Fine chemicals develop complex molecules from organic or mineral intermediates, resulting from numerous sequential chemical reactions. The corresponding industrial units generally operate in batch mode.
They carry out complex reaction sequences with frequent operational changes (solvent types, pressure and temperature conditions, etc.). Filtration, in its broad sense, applies to raw materials, intermediates, and finished products, and is therefore intrinsically part of the processes.
One key aspect of filtration in API production is the management of utilities. The generic term “utilities” refers both to the general means required for the operation of an industrial facility—such as water, electricity, high- and low-pressure steam, gas, compressed air, etc.—and to the systems producing them.
It is therefore essential to provide process water, rinse water, “clean” steam, and “clean” gases (compressed air, nitrogen, etc.). In all these specific processes, filtration plays an indispensable role.

The European Pharmacopoeia distinguishes three levels of water purification based on application: Purified Water (PW), Highly Purified Water (HPW), and Water for Injection (WFI). These three purification levels are physically very similar, corresponding to low conductivity, and are primarily differentiated by their increasing microbiological purity.
Direct (dead-end) or tangential filtration is used throughout water treatment processes: on raw water, downstream of activated carbon beds, for UV lamp protection, for reverse osmosis membrane protection, for final filtration before distribution, and more.
It is important to distinguish particulate filtration, aimed at removing insoluble particles still present in the water, from microbiological filtration, used to control biological load (bacteria, endotoxins, etc.).

High water supply requirements, combined with limited storage capacity, generally result in relatively high flow rates (up to several tens of m³/h). In this context, for particulate retention, which imposes fewer sanitary constraints on filter housings, high surface area filter elements are increasingly preferred.
Typically, a filter cartridge from this range provides a surface area of 7 m² for a height of 40’’ (and is generally available up to 60’’). By comparison, a conventional cartridge of the same height usually offers a surface area of around 2 m².
In addition to simplifying maintenance operations (fewer filters to replace), one of the major advantages lies in better control of system sizing, resulting in optimized footprint—a critical issue when considering the need to limit, as much as possible, the space occupied by these production units.
Filter elements must strictly comply with regulatory requirements relating to bacterial retention. This was specified by the FDA in the “Guideline on Sterile Drug Products Produced by Aseptic Processing”, June 1987, which states: “Once a filtration process has been properly validated for a given process and filter, it is important to ensure that replacement filters of the same type (membrane or cartridge) used in production cycles will perform in exactly the same manner.
One way to achieve this is to correlate filter performance data with filter integrity test data. Normally, the filter integrity test is performed after assembly and sterilization of the filtration unit and before use. More importantly, these tests must be carried out after use to detect any leakage or degradation that may have occurred during filtration.” To meet this objective, it is necessary to demonstrate a correlation between bacterial retention and a non-destructive integrity test.


Note
Most manufacturers use the protocol based on the procedure documented in the chapter “Standard Test Method for Determining Bacterial Retention of Membrane Filters Utilized for Liquid Filtration” (ASTM F838-83 supersedes HIMA Document No. 3 Vol. 4, April 1982, “Microbial Evaluation of Filters for Sterilizing Liquids”). The bacterium conventionally used in this challenge is Brevundimonas diminuta (Pseudomonas diminuta) (ATCC 19146), and the required reduction must be at least 10⁷ organisms/cm², or LRV (Log Reduction Value) > 7.

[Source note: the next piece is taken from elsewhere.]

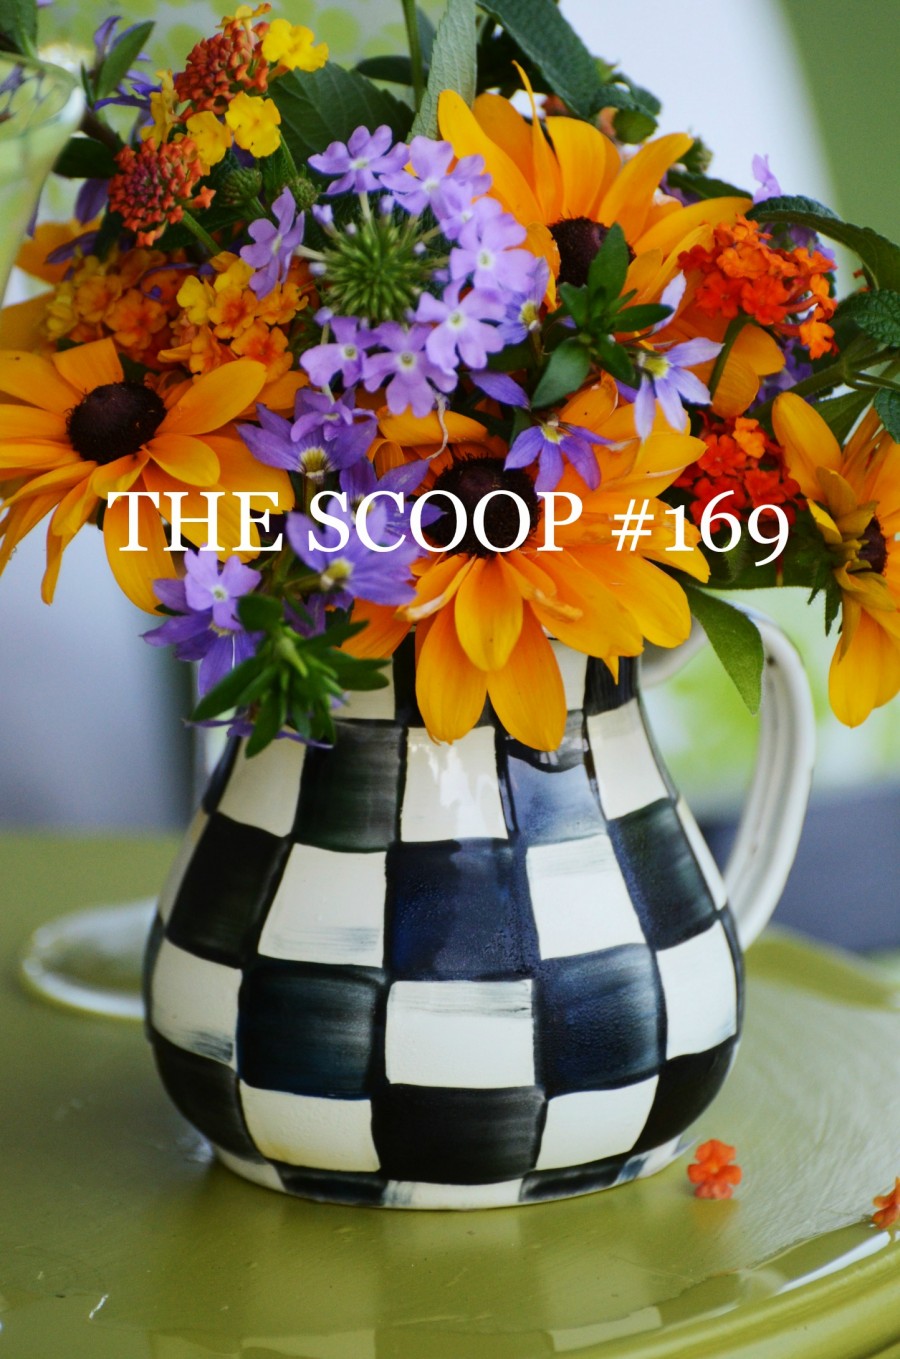 THE SCOOP #169

Another challenge must also be addressed: maintaining stored water quality. To achieve this, hydrophobic membranes are used. Either, when integrity testing is required over the filter lifetime, a 100% PTFE membrane is selected; or a PTFE-impregnated membrane is used (in this case, however, no integrity test is possible).
Let us be clear: the performance, with regard to the bacterial challenge, of these two membranes is strictly identical. The same membranes validated for liquid applications are used. In fact, efficiency is higher in the gas phase, due to the much greater Brownian motion of airborne particles compared with particles present in liquids.
Conclusion
Regardless of technical, industrial, and commercial choices, it must be kept in mind that an API is the primary component of a medicinal product. As such, an API acts directly on the human body.
Quality assurance is obviously provided by Good Manufacturing Practices (GMP) and all applicable international regulations (for the record, the pharmaceutical industry is the most heavily regulated of all, with legally binding requirements). And yet, within this rigid framework, several approaches are possible in the management of filtration—or rather, of filtrations.